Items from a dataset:
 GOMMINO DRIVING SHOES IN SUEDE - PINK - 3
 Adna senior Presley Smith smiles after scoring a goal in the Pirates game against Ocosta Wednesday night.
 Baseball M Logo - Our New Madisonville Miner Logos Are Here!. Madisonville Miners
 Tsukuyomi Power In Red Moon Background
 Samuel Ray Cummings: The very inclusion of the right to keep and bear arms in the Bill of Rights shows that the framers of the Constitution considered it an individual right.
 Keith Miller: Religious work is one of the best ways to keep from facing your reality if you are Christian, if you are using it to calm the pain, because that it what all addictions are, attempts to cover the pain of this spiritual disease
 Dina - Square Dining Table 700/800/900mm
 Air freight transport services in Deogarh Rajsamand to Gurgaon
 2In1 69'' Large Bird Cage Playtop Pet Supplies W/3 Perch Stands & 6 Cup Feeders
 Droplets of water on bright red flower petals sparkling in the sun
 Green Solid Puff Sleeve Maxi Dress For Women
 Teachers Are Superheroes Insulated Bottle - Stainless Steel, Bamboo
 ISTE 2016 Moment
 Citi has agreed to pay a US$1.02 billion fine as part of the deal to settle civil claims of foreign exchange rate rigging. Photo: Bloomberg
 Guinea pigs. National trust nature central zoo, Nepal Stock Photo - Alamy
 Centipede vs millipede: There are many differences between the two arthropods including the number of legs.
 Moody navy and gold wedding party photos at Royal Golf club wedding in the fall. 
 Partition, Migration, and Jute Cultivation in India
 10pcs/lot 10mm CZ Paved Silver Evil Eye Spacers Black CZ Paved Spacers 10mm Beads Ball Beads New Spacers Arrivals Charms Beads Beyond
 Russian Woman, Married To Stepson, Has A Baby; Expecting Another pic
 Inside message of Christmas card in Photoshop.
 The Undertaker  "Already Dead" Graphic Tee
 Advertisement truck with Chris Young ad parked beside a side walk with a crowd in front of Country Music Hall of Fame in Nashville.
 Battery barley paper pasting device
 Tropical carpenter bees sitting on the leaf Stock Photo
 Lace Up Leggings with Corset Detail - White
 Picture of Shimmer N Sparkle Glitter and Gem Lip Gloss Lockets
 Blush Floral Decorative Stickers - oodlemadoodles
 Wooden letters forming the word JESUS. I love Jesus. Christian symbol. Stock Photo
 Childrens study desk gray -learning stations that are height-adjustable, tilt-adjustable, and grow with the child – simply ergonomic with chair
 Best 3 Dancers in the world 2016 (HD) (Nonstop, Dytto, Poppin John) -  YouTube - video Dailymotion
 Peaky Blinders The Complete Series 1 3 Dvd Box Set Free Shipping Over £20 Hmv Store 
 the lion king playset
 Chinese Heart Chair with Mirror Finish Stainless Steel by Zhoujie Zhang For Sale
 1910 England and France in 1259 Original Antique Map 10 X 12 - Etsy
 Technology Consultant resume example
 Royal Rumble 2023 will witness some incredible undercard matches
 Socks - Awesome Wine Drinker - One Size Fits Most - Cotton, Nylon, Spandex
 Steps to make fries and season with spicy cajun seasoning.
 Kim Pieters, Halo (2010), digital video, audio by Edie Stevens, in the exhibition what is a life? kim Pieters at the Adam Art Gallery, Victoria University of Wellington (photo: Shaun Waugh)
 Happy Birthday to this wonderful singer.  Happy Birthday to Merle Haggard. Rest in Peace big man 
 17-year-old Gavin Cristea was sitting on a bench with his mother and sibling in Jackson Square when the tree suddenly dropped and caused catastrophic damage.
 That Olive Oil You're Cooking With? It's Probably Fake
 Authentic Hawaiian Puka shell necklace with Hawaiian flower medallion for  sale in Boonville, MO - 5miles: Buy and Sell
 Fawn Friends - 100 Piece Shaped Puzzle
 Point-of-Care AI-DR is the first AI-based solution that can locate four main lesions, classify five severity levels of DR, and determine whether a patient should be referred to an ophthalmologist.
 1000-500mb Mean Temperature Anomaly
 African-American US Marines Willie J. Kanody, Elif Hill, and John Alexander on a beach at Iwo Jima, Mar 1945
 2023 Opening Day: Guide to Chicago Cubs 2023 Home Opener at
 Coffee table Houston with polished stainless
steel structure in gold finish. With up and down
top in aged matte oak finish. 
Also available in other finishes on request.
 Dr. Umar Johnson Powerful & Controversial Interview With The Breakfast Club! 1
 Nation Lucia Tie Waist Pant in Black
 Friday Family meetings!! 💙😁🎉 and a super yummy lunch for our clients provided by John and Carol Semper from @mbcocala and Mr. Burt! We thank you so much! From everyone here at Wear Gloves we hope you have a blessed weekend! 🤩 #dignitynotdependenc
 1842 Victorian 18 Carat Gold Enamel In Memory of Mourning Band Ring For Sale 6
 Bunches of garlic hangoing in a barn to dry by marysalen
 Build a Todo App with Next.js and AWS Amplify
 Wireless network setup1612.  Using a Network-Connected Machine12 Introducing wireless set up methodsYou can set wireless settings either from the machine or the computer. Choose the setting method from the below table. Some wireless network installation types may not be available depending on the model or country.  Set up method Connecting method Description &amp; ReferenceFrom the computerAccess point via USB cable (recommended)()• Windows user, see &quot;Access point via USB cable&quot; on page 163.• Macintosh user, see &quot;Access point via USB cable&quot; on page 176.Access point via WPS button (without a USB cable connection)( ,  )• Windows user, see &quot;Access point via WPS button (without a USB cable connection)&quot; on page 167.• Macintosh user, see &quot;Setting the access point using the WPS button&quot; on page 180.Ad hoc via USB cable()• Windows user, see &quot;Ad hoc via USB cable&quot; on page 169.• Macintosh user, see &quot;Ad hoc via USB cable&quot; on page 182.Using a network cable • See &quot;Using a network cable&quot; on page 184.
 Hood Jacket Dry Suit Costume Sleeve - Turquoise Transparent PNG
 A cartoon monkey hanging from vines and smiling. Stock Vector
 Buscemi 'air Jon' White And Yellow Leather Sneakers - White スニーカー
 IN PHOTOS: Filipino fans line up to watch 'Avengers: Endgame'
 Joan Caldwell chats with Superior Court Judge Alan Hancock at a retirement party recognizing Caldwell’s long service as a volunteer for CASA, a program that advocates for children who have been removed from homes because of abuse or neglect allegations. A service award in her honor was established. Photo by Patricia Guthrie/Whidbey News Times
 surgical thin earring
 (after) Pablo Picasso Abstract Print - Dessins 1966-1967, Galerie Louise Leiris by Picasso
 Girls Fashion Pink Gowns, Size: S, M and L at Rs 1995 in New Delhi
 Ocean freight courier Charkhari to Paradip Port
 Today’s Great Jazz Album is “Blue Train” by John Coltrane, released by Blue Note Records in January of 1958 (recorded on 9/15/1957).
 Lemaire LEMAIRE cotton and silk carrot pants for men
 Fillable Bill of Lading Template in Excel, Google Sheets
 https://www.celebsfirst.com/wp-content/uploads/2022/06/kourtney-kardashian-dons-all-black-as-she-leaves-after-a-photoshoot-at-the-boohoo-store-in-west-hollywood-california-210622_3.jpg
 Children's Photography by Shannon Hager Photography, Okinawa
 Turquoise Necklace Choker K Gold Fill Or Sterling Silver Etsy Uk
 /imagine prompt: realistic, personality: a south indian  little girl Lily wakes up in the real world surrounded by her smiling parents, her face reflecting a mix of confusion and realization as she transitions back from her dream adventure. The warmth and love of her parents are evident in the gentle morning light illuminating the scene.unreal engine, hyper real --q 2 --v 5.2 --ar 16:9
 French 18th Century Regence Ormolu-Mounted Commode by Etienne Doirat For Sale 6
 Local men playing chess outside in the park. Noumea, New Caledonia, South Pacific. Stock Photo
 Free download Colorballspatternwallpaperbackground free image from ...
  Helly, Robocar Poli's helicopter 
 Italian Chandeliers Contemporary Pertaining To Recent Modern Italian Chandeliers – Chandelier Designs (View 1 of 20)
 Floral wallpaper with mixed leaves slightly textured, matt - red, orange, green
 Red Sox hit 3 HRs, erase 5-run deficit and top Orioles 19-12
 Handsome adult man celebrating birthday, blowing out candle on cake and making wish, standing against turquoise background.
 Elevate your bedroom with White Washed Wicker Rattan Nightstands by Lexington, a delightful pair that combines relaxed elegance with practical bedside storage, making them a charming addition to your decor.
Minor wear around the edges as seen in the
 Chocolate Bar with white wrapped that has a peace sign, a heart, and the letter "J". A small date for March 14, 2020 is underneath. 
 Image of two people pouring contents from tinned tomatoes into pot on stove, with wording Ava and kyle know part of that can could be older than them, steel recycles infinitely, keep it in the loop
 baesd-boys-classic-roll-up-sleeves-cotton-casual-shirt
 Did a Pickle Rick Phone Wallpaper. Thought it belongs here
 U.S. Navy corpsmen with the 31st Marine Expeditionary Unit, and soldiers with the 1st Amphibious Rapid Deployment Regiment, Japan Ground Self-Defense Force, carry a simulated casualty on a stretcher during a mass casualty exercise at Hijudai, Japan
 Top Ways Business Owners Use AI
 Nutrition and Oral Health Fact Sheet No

Task item:
Check each line of the records for the word "world", then state how many lines have it, as a number only.

The answer:
2